New electricity rate reform in California: A rejoinder to Meredith Fowlie

This article is written in response to an article by Professor Meredith Fowlie in the Energy Regulation Quarterly.[1] She is one of the original proponents of a new rate design proposal that embodies an income-graduated fixed charge (IGFC).

Fowlie’s article focuses on the one million households that have installed solar panels in the state. They made their investment to both expand the use of green energy, at the behest of state and federal incentives, and to combat rising bills, based on expectations about stability in the rate structure. The return on their investment in solar panels, estimated to run in the tens of thousands of dollars, would be significantly lowered by the IGFC. If they had known that the IGFC would be levied, most of them may not have made that investment.

In a section entitled “Solar losers, don’t be sore losers,” she tells the reader that she has solar panels on her roof and will also face higher bills once the IGFC is in place. Then she goes on to say, “Fellow solar losers, we hope we can take a step back and recognize this as a big win for California and the climate.” Unfortunately, her claim is likely to come across as gratuitous advice to other solar customers.

There is no question that the bills of customers with rooftop solar, as well as those who made significant investments in other energy saving measures, are going to rise, often substantially, if the IGFC is imposed by the California Public Utilities Commission (CPUC). If a middle income solar customer in the PG&E service area with an income in the fourth income bracket put forward by the three investor-owned utilities has a current bill of $50 a month, it will rise to $124 a month, an increase of nearly 150 per cent.[2] A customer with a current bill of $100 a month will face a new bill of $156, an increase of 56 per cent. The value of their investment will be severely degraded.
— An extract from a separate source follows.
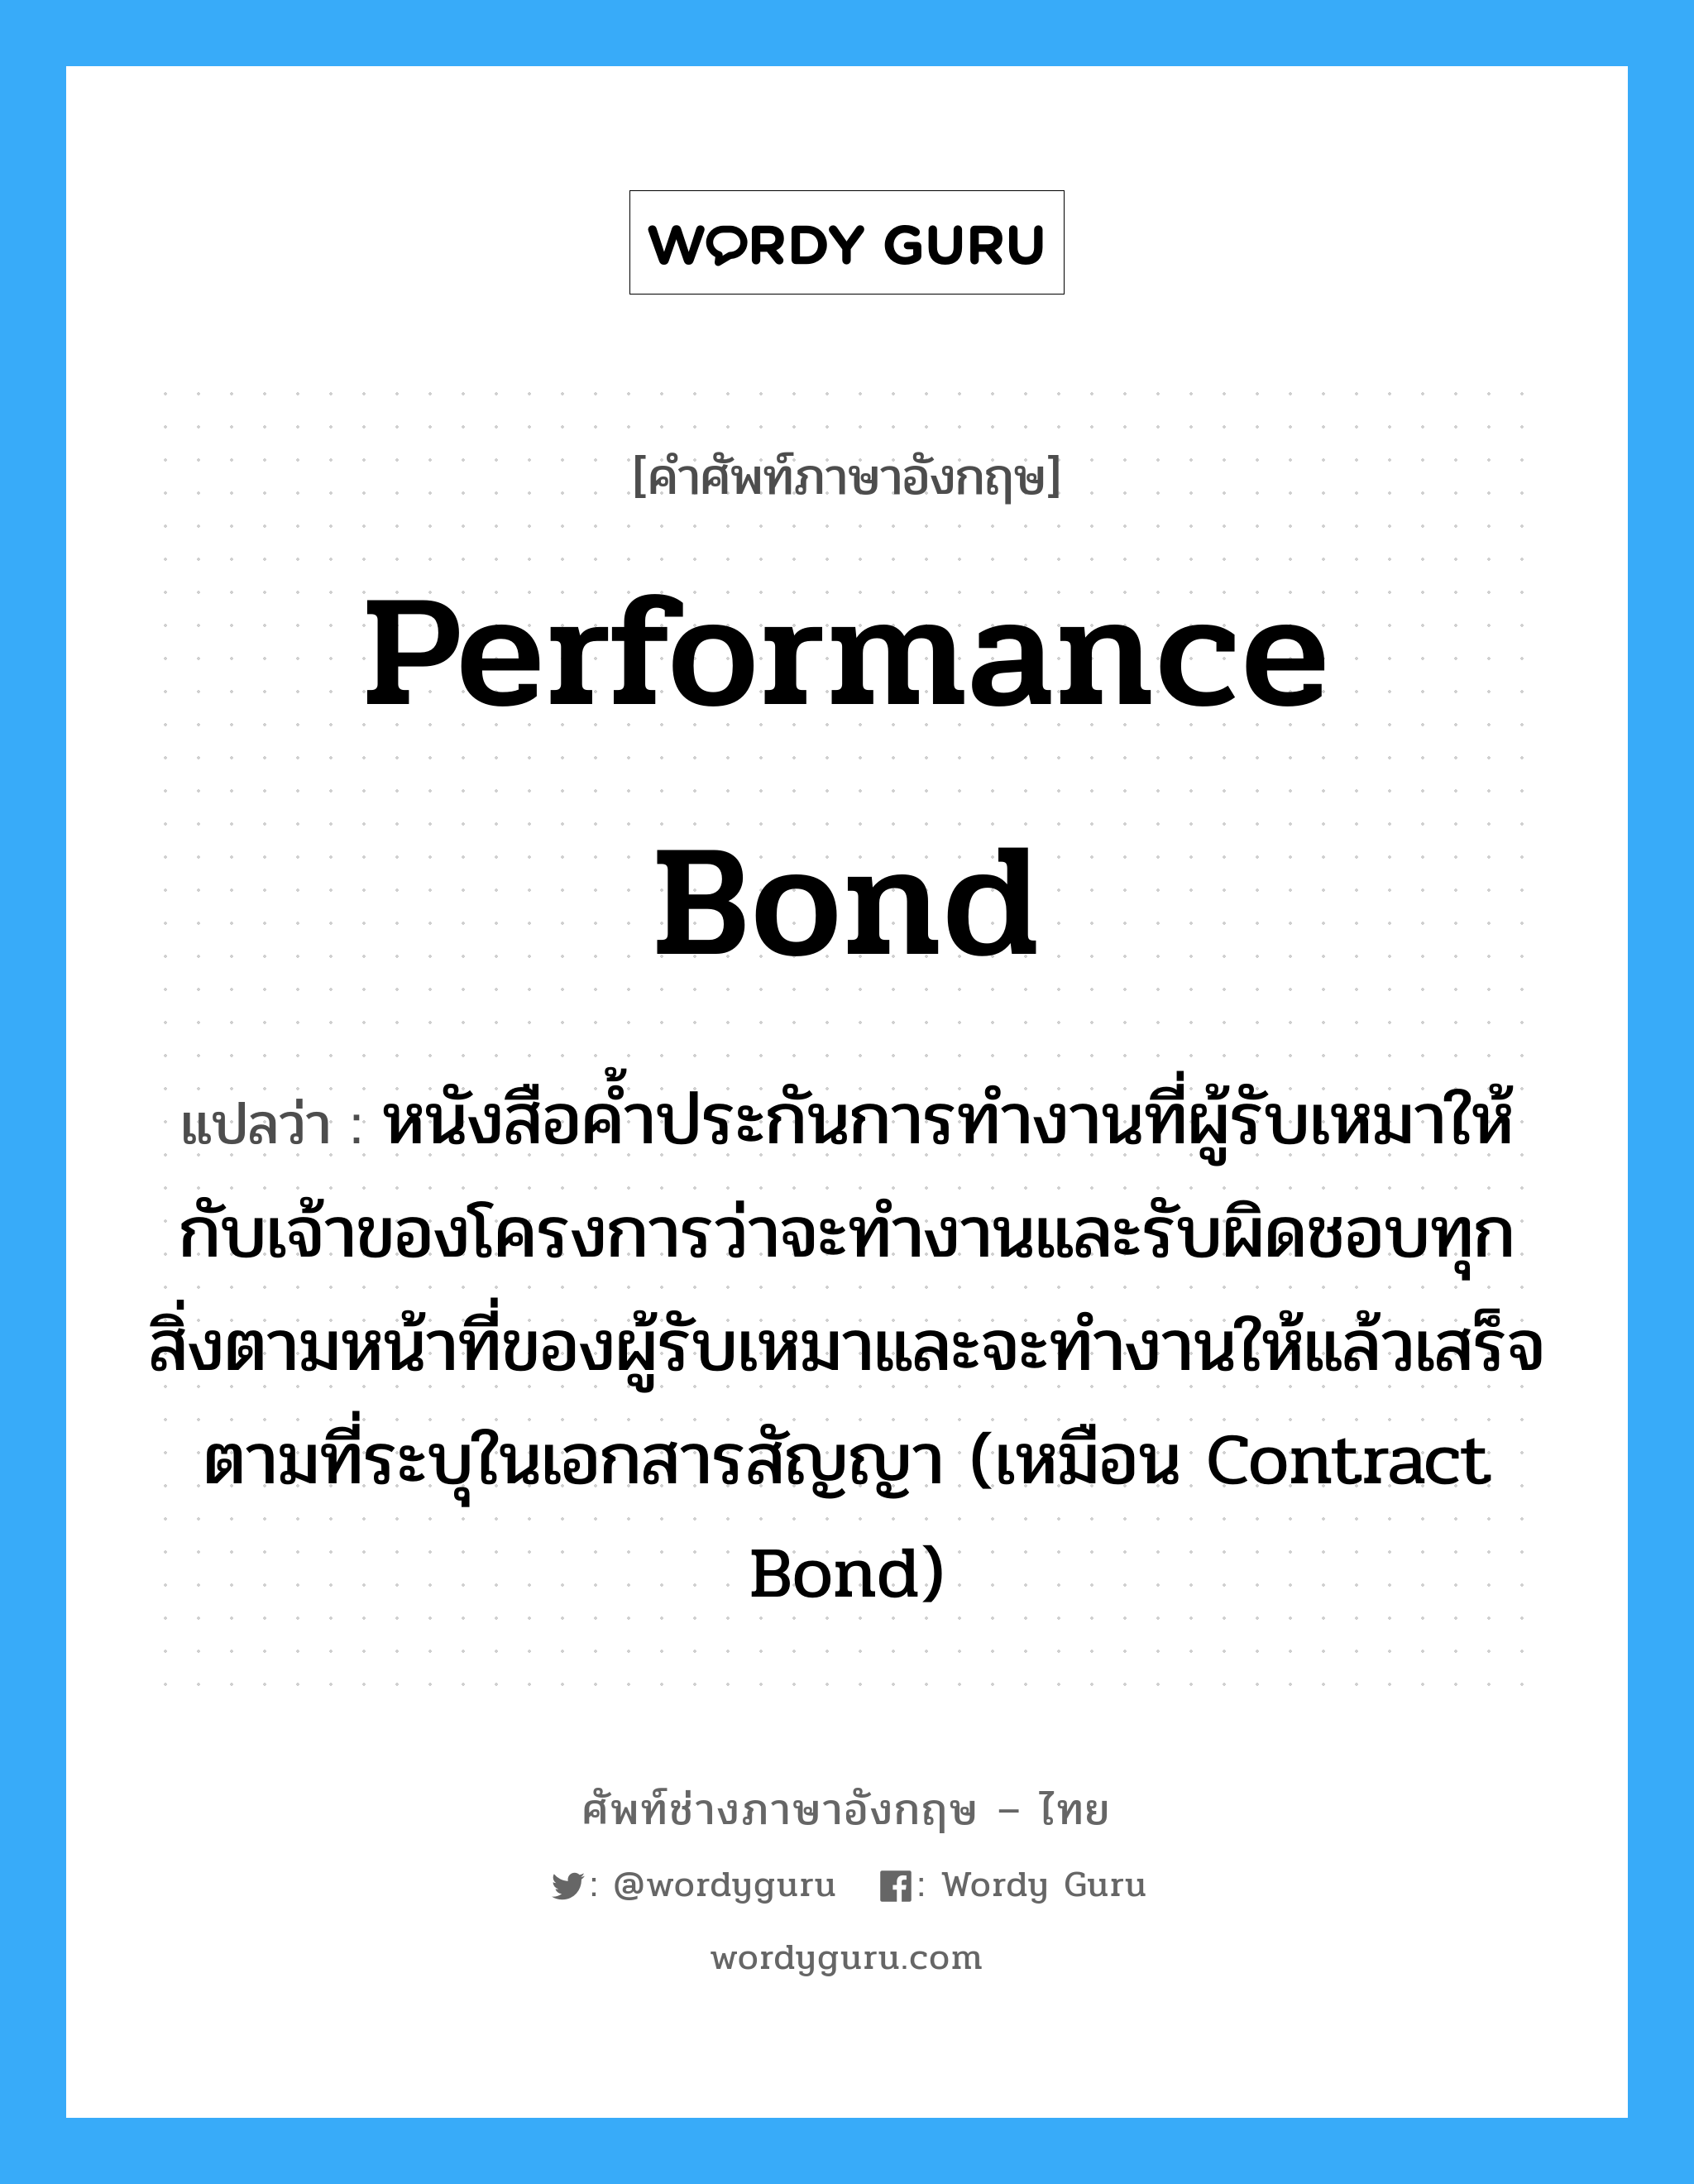 Performance Bond แปลว่า?, คำศัพท์ช่างภาษาอังกฤษ - ไทย Performance Bond คำศัพท์ภาษาอังกฤษ Performance Bond แปลว่า หนังสือค้ำประกันการทำงานที่ผู้รับเหมาให้กับเจ้าของโครงการว่าจะทำงานและรับผิดชอบทุกสิ่งตามหน้าที่ของผู้รับเหมาและจะทำงานให้แล้วเสร็จตามที่ระบุในเอกสารสัญญา (เหมือน Contract Bond)

Similarly, any household that has invested thousands of dollars to enhance the energy efficiency of their home by replacing their HVAC equipment, installing double or triple pane windows, and adding ceiling and wall insultation will also see the value of their investment being degraded.

But solar and energy efficient customers won’t be the only losers. Any household that uses energy frugally and is a middle income customer would see its bills go up. So will single-person households and couples living in small apartments. The lower their current bill, the more it will go up in percentage terms.

These two groups – energy efficient customers and frugal customers – comprise millions of customers in California. Neither is mentioned by Fowlie. She chooses to ignore the significant collateral damage to these millions of Californians in her single-minded focus on customers with solar panels. Should the IGFC come to pass, it will erode the credibility of future government incentives that are designed to encourage customers to make environmentally-enhancing investments, those whose economics is predicated on the stability of the regulatory compact .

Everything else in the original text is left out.